In order for office buildings to comply with the targets set for 2020 by the Energy Performance of Buildings Directive, extended refurbishment of the existing building stock is required, combined with utilizing renewable energy technologies. Although there are various strategies available for renewable energy generation in urban environments, facade BIPV integration offers a great potential of generating electricity, despite the limited roof space of multistory buildings.
The case of buildings in Southeast Europe is of special importance, as due to the prevailing climatic conditions, cooling loads are usually higher than heating loads, making retrofitting a more complex problem than simply increasing the insulation levels.

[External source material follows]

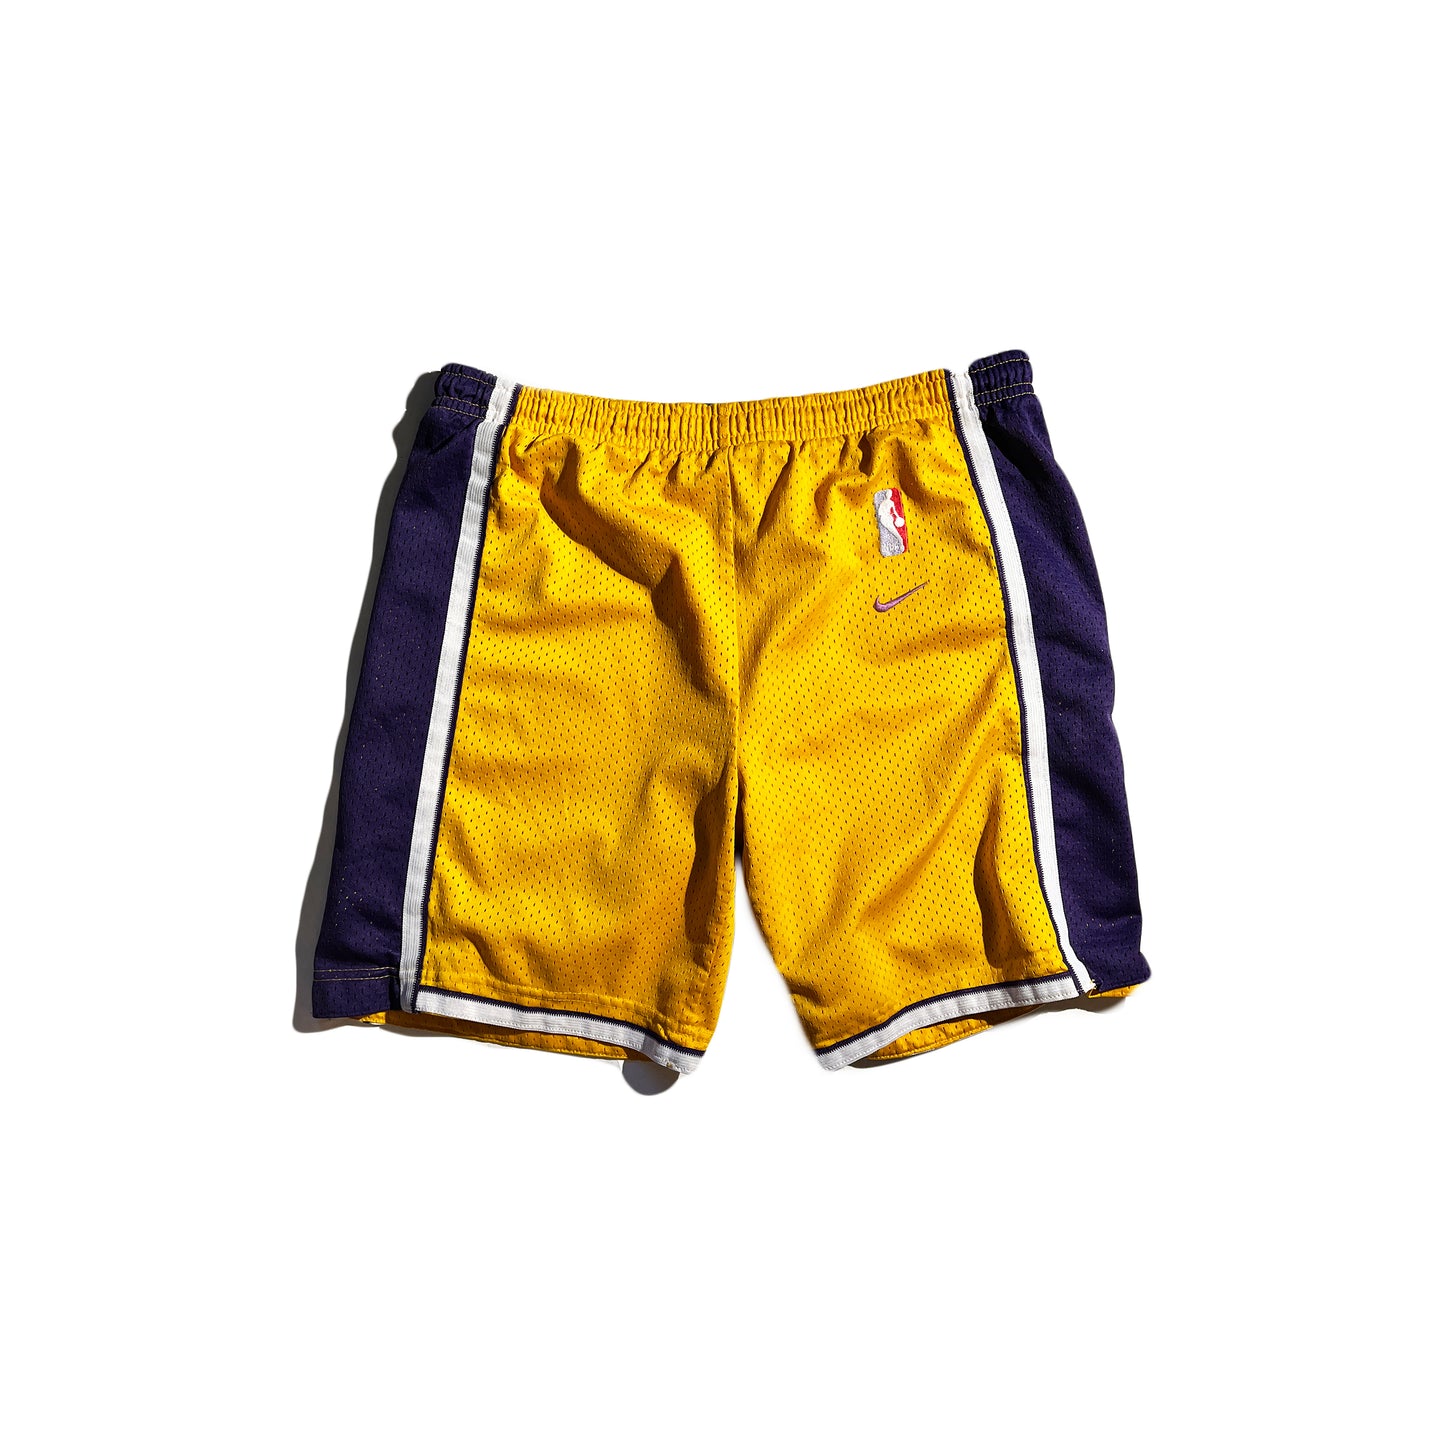 Vintage Lakers Shorts NIKE Mesh Basketball
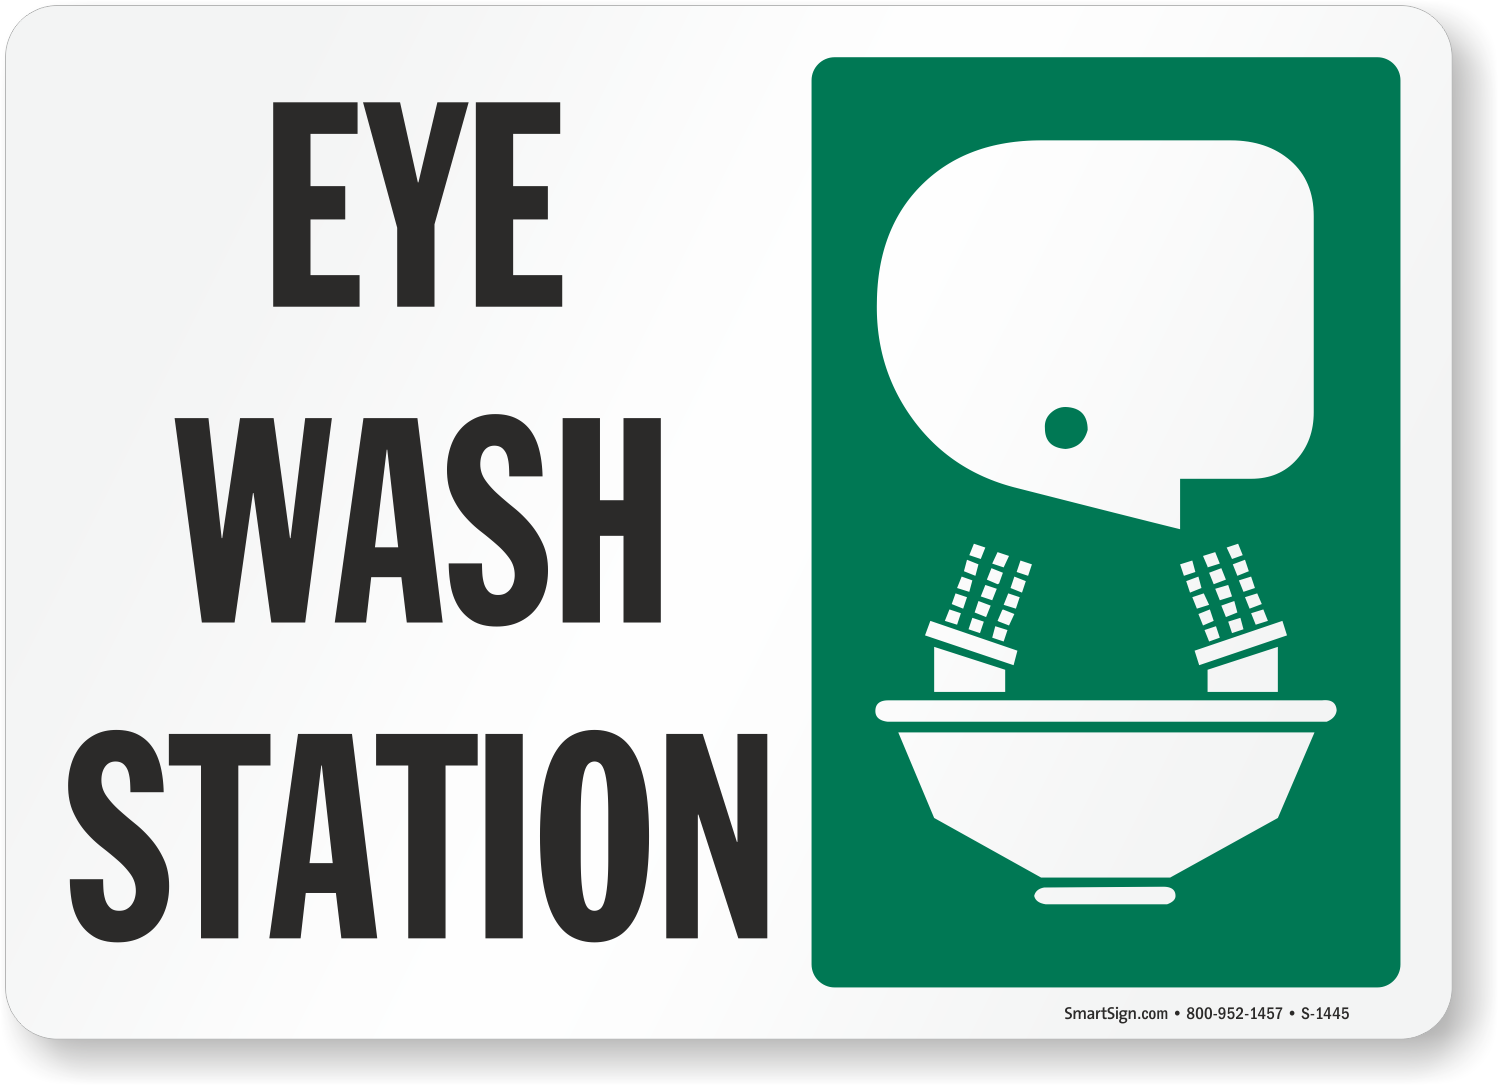 Eyewash Station Sign with Graphic, SKU S1445

For the scope of this paper, the facade redesigning of a typical nine-story office building in Greece is examined as a sustainable option towards transforming it into a nearly Zero Energy Building (nZEB). In order to achieve greater energy performance, an energy simulation model is developed in EnergyPlus and TRNSYS, to calculate the energy savings and electricity production through the proposed retrofitting options. The BIPV systems are estimated to produce electricity that covers approximately 50% of the building’s total annual energy demand and upgrade its aesthetics and architectural form. Moreover, various orientation scenarios are evaluated, to better understand the behavior and retrofitting potential of offices scattered throughout the urban environment of Southeast Europe.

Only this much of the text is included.